United States v. Pape
144 F.2d 778 (2d Cir. 1944)

CLARK, J. Pape appeals from a judgment of conviction under an indictment for transporting a woman in interstate commerce "for the purpose of prostitution, debauchery and other immoral purposes."...

[T]he attorney, Buckley, ... appeared for the woman in Washington when she was first taken up by the police, and she was discharged in his custody. On preliminary examination the judge developed that he was retained by the accused about July 15, 1942, to represent the woman as well as the accused--for what purpose, so far as the latter was concerned, never appeared.... [The judge] proceeded to make his ruling explicit by saying that the lawyer could be asked who retained him to appear for the woman on the occasion in question and who paid his fee, identifying the persons if they were in court.... The lawyer did, therefore, testify that the accused retained him to represent the woman and paid his fee, also that he saw the defendant in Washington and that he had a Packard automobile. Of course, practically all this was merely cumulative; the court records were produced and showed that the woman was indeed released to the attorney; and the only additional fact brought out was that the accused's clearly proved interest in the woman went to the point of retaining and paying for a lawyer to secure her release.

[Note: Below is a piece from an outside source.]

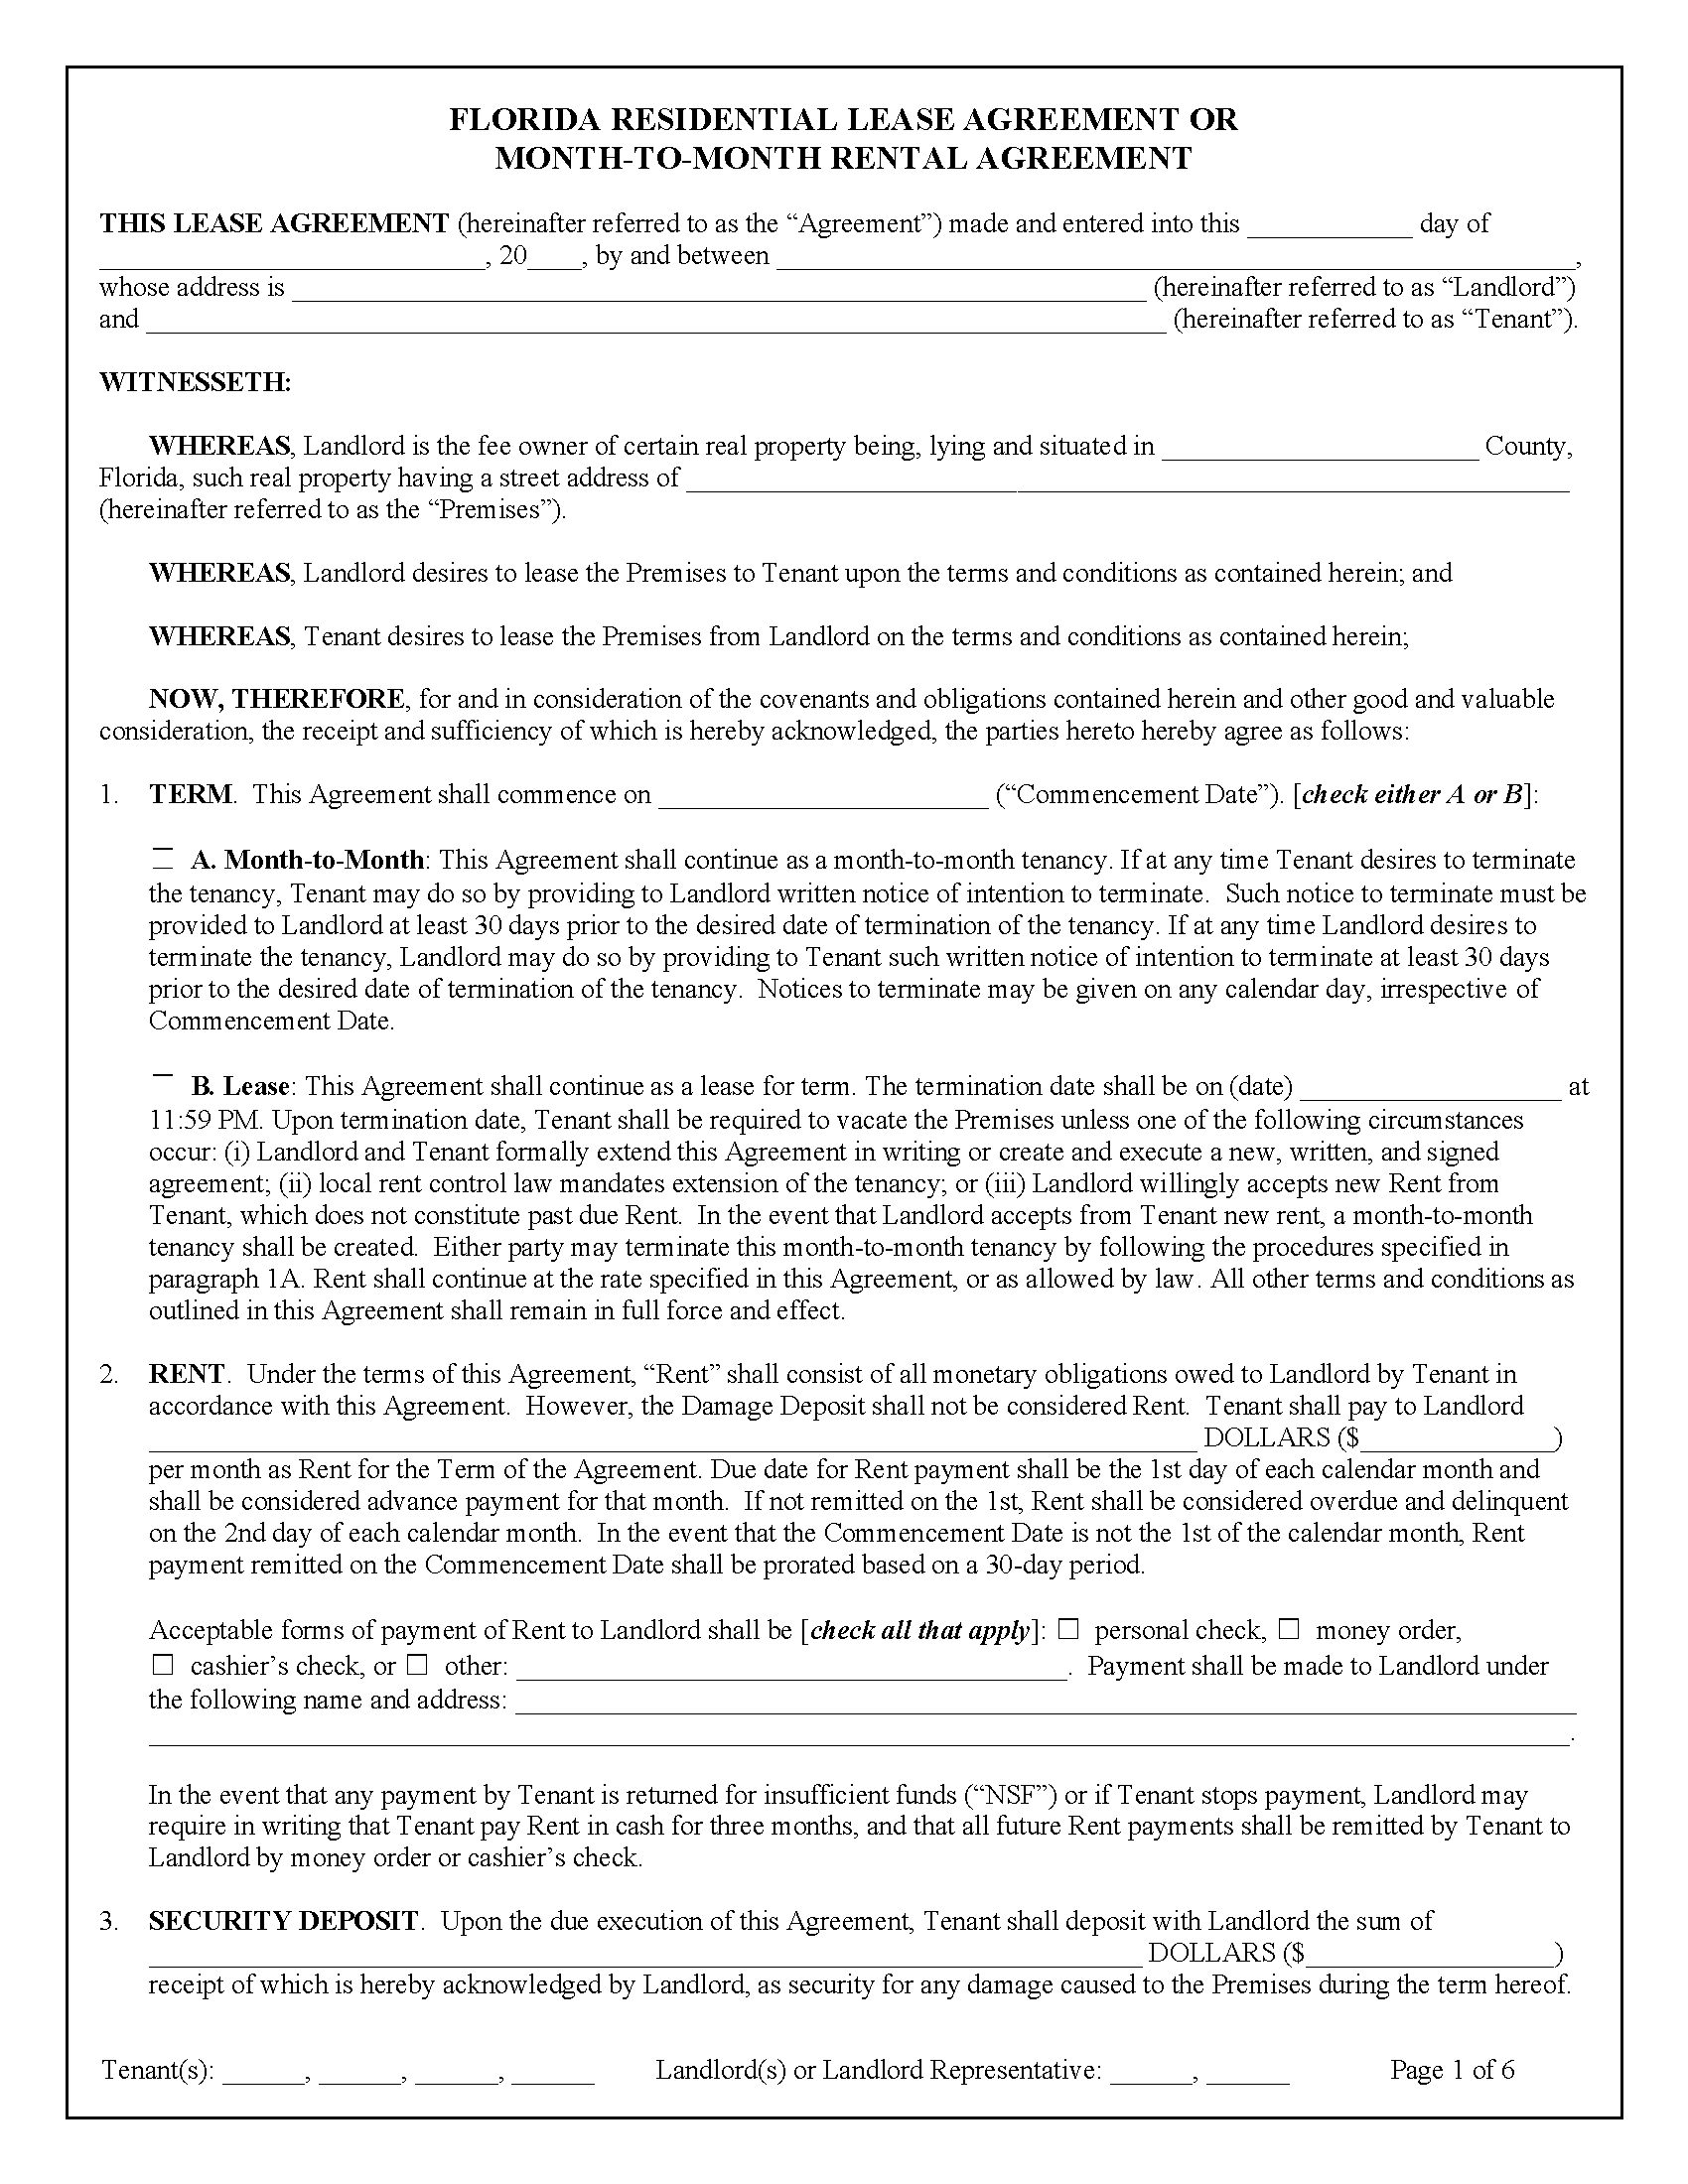 free florida residential lease agreement pdf ms word

The authorities are substantially uniform against any privilege as applied to the fact of retainer or identity of the client. The privilege is limited to confidential communications, and a retainer is not a confidential communication, although it cannot come into existence without some communication between the attorney and the--at that stage prospective--client.... [T]here may be situations in which so much has already appeared of the actual communications between an attorney and a client, that the disclosure of the client will result in a breach of the privilege; but nothing of the sort occurred here....

It seems clear on the authorities, therefore, that the evidence actually brought out before the jury was not privileged. There seems nothing in the preliminary disclosure to the judge that the attorney was also to represent the accused to change this result.... Generally speaking, relevant evidence is freely admissible, except as it is privileged; and the privilege extends only so far as the policy behind it demands. Here, as Mr. Justice Shientag shows with his usual felicity, People ex rel. Vogelstein v. Warden of County Jail, 150 Misc. 714, 270 N.Y.S. at page 367, "it was not the purpose of the privilege to shield guilt. Its primary object was to secure the orderly administration of justice by insuring frank revelation by the client to the attorney without fear of a forced disclosure; in other words, to promote freedom of consultation. To be sure the exercise of the privilege may at times result in concealing the truth and allowing the guilty to escape. That is an evil, however, which is considered to be outweighed by the benefit which results to the administration of justice generally."

He adds, "There is nothing in the books to show that the privilege was to extend to the fact of the retention of counsel. No point is made that the employment of counsel should be shrouded with secrecy." Hence when the narrow exclusionary rule ceases to apply, then the more general and pervasive rule of free disclosure to ascertain the truth and prevent the guilty from escaping furnishes the governing principle.

Conviction affirmed.

L. HAND, J. (dissenting).

The evidence of the accused's guilt was so strong that I feel some compunction in voting to reverse, yet there are two errors which I think require the case to be retried. Pape retained Buckley as his own lawyer at the same time that he retained him for the woman. I agree that this retainer of an attorney for himself involved no privileged communication; I have nothing to add to, or subtract from, what my brothers say on that. Moreover, it goes without saying that Pape's retainer of Buckley for the woman would not have been privileged, had he not retained him as his own attorney. On the other hand I attach no importance to the fact that he retained him in both capacities at the same time; the case stands as it would, if he had retained him for himself first. Yet if he had done that, when he told him to appear for her, I think it was a communication between attorney and client, a step in his own defence; it may have been also a step in hers but that, I submit, is irrelevant. That direction to his own attorney in his own interest was as much a privileged communication as any direction would have been, made in the course of preparing for a trial; as much, for example, as to tell one's attorney to interview a witness. That it was an important step in connecting him with the woman's prostitution, admits of no debate.